The differences between the treaties for WTO, NATO etc. and the treaties and institutions of the EU are not differences of degree but differences in kind.
Within an exponentially growing number of areas the EU institutions are a superior policy and law making body to the UK (German, French etc.) government and legislature. According to the German Ministry of Justice 80% of all German law originates in Europe.
In (again an exponentially growing number of areas) the EU court is a superior judicial body to the British (German, French etc.) courts. The definition of whether an area is within its competence is exclusively a matter for the European court to decide.

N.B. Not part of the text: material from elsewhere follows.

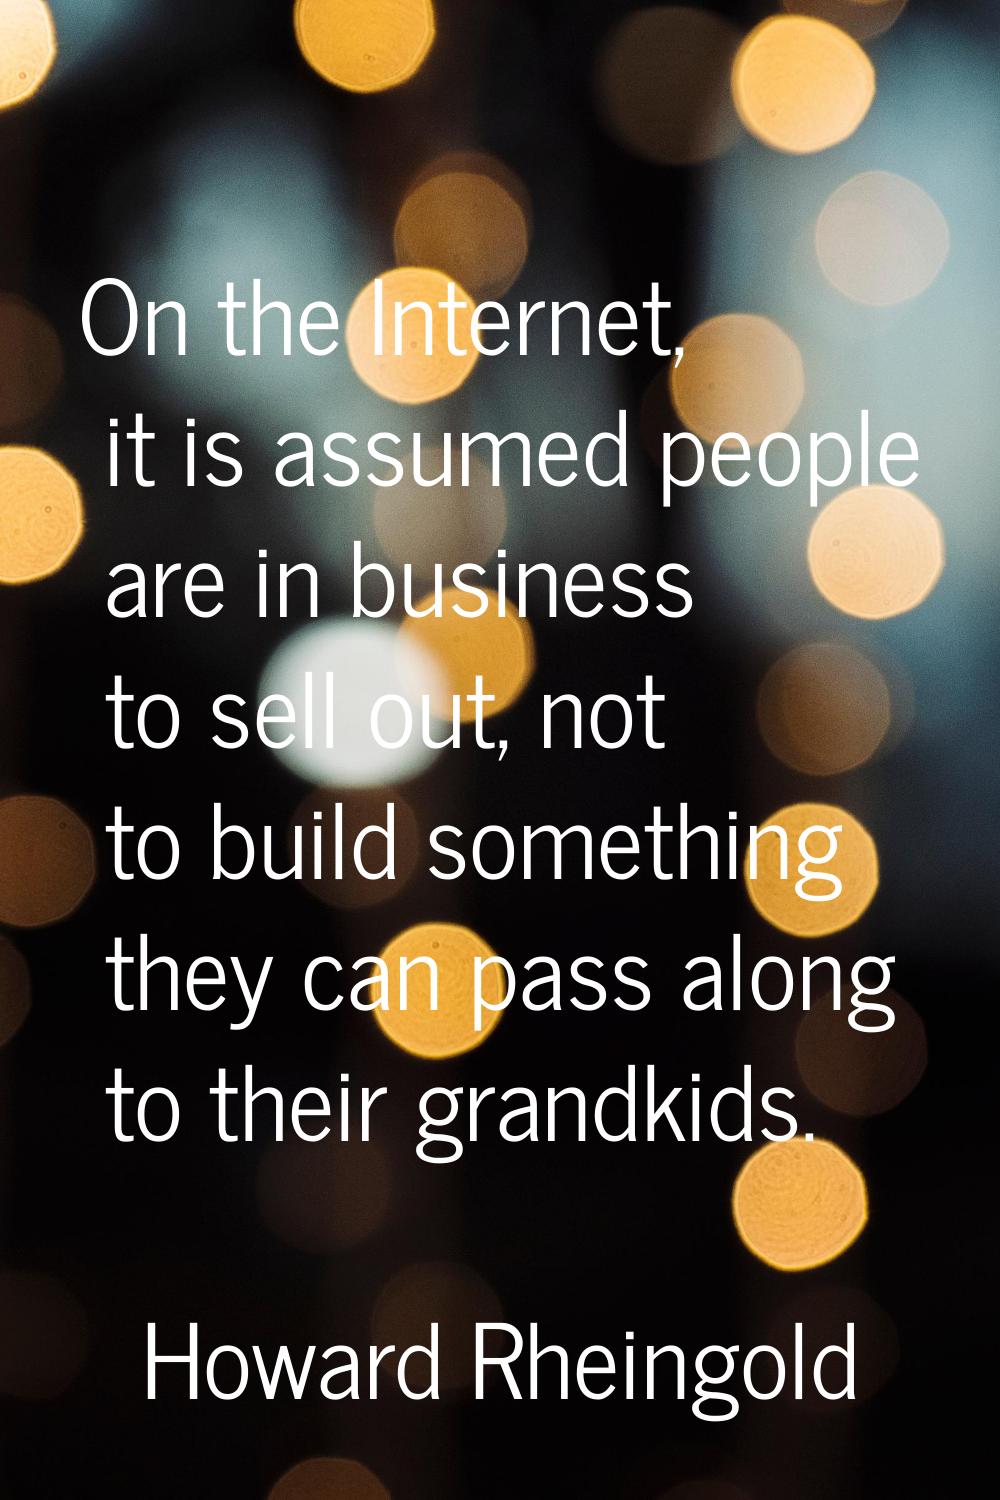 On the Internet, it is assumed people are in business to sell out, not to build something they can

For members of the Euro the European Bank has supreme authority over interest rates and the Ecofin and commission have superior authority over elected finance ministers over spending and borrowing levels.
There is simply no comparison between these sweeping and expanding powers and the intergovernmental arrangements or treaties such as NATO or the WTO.
Our laws are not made by the IMF or NATO.
We do have free trade and arbitration obligations imposed by the WTO but these are not currently highly controversial and could be repudiated (without even an Act of Parliament) by any government so minded. Any judgement of the WTO arbiters is binding in honour on the government but it is not enforceable against the government or individual companies (or citizens) under British law. British courts do not have to accommodate regulations or judgements of the WTO into British law – it is entirely an intergovernmental matter.
Kyoto obliges us to deliver targets for greenhouse gas reductions. This has economic and regulatory implications but these are entirely for us to construct and deliver. No international agency other than the EU presumes to pass whole bodies of law direct, unchanged and undebated into British law. No other international agency can promulgate law that binds the British government, the British courts and British citizens.